> [GIVEN INFORMATION]
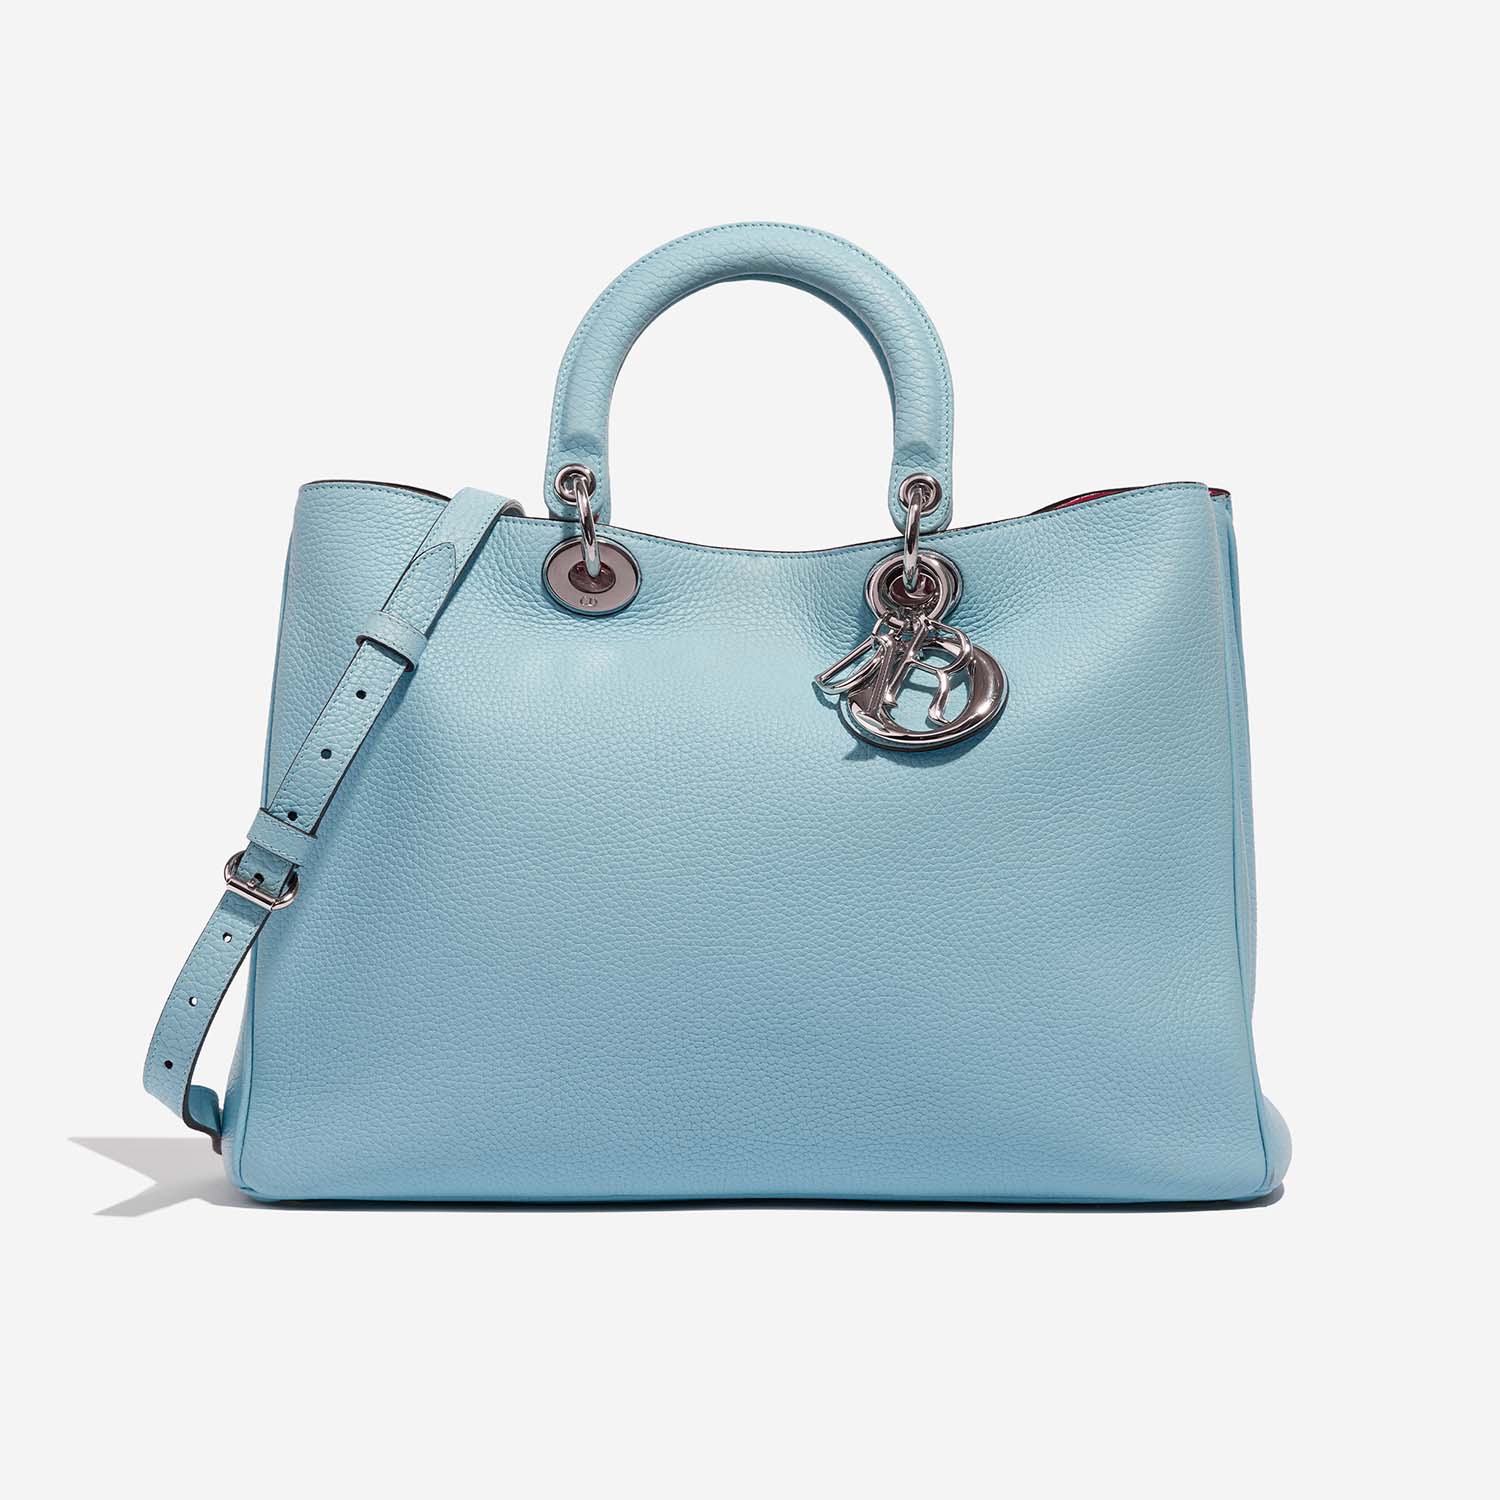 Shop authentic Christian Dior Diorissimo Large Tote at revogue for just USD  120000
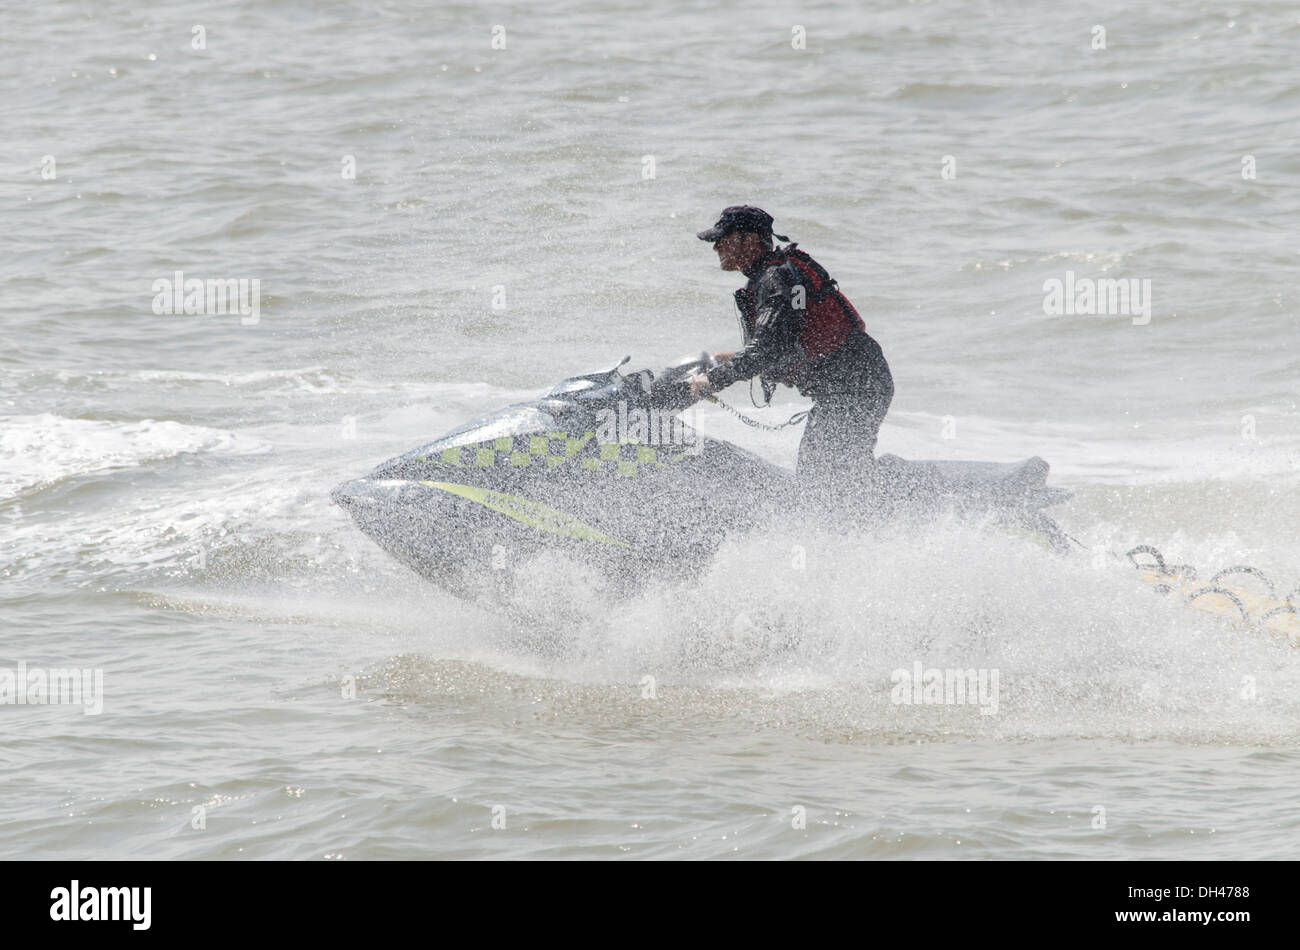 police marine unit out at sea England Stock Photo
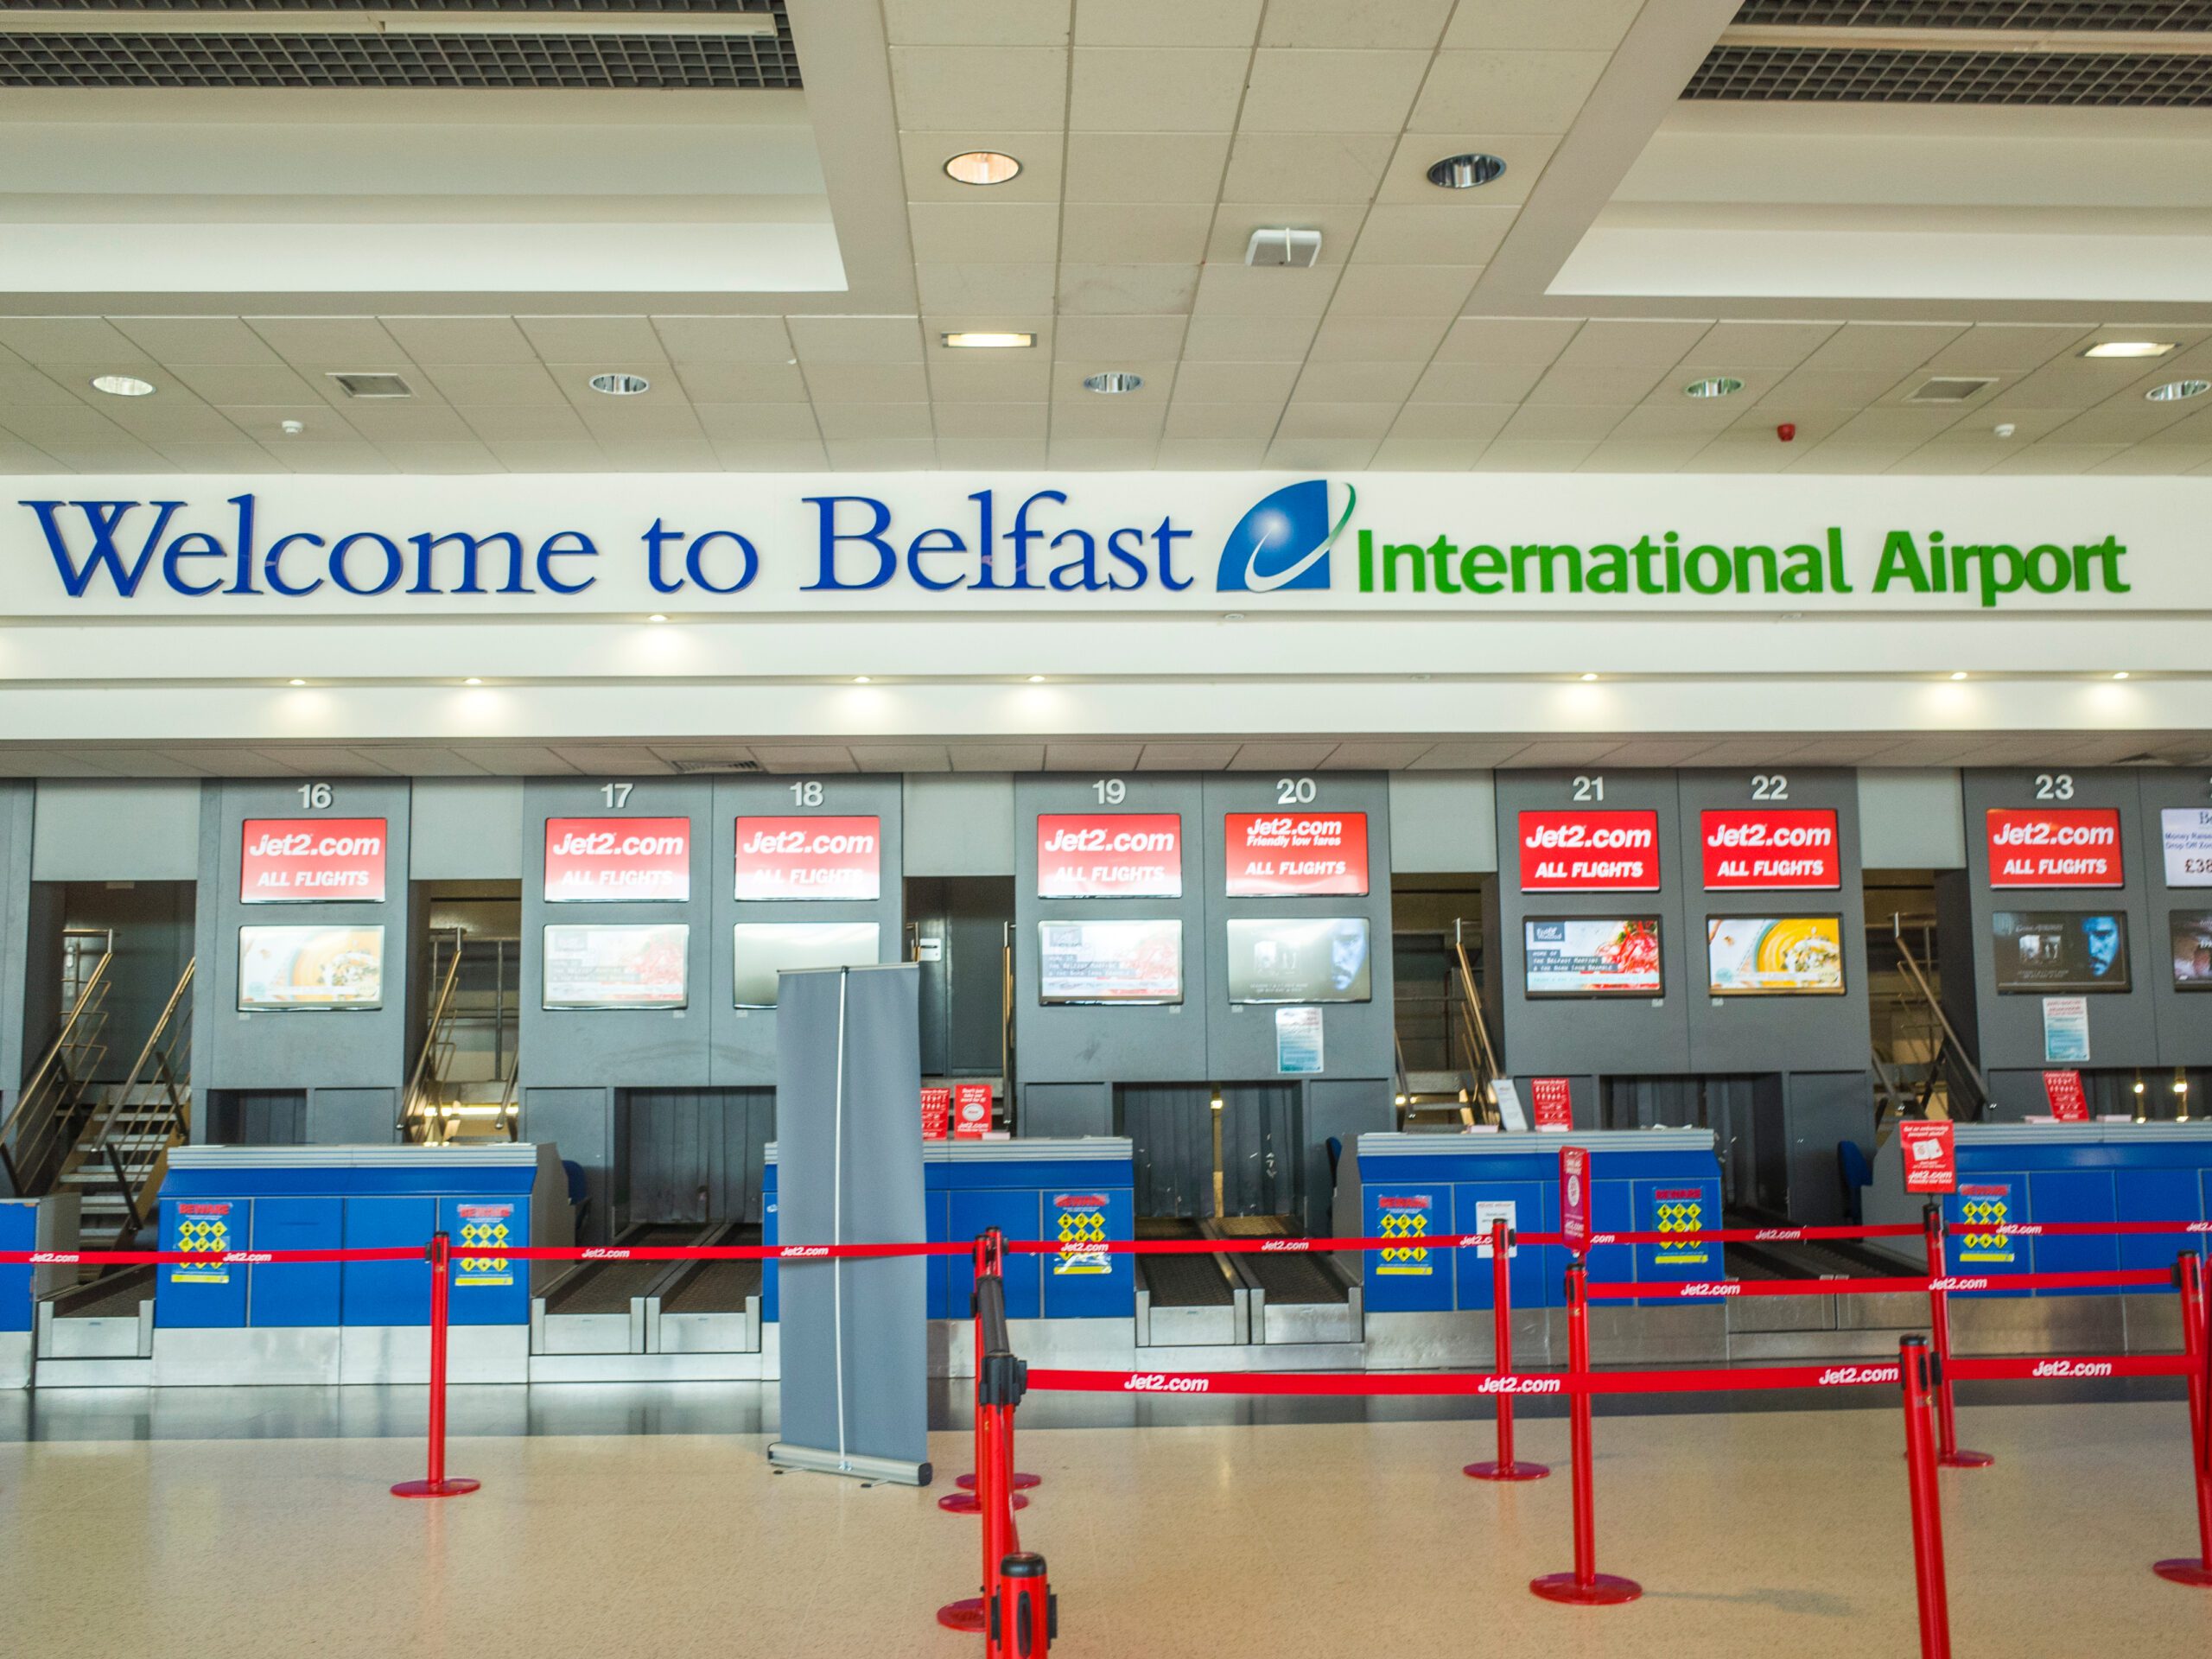 A photo taken just inside the Belfast International Airport showing a roped-off check-in line in front of the airline counters with a welcome sign above them.

> [EXERCISE OBJECTIVE] Everything in the listing, except its images, should be set down exactly.

> [OUTPUT OF THE EXERCISE]
 Shop authentic Christian Dior Diorissimo Large Tote at revogue for just USD  120000
 police marine unit out at sea England Stock Photo
 A photo taken just inside the Belfast International Airport showing a roped-off check-in line in front of the airline counters with a welcome sign above them.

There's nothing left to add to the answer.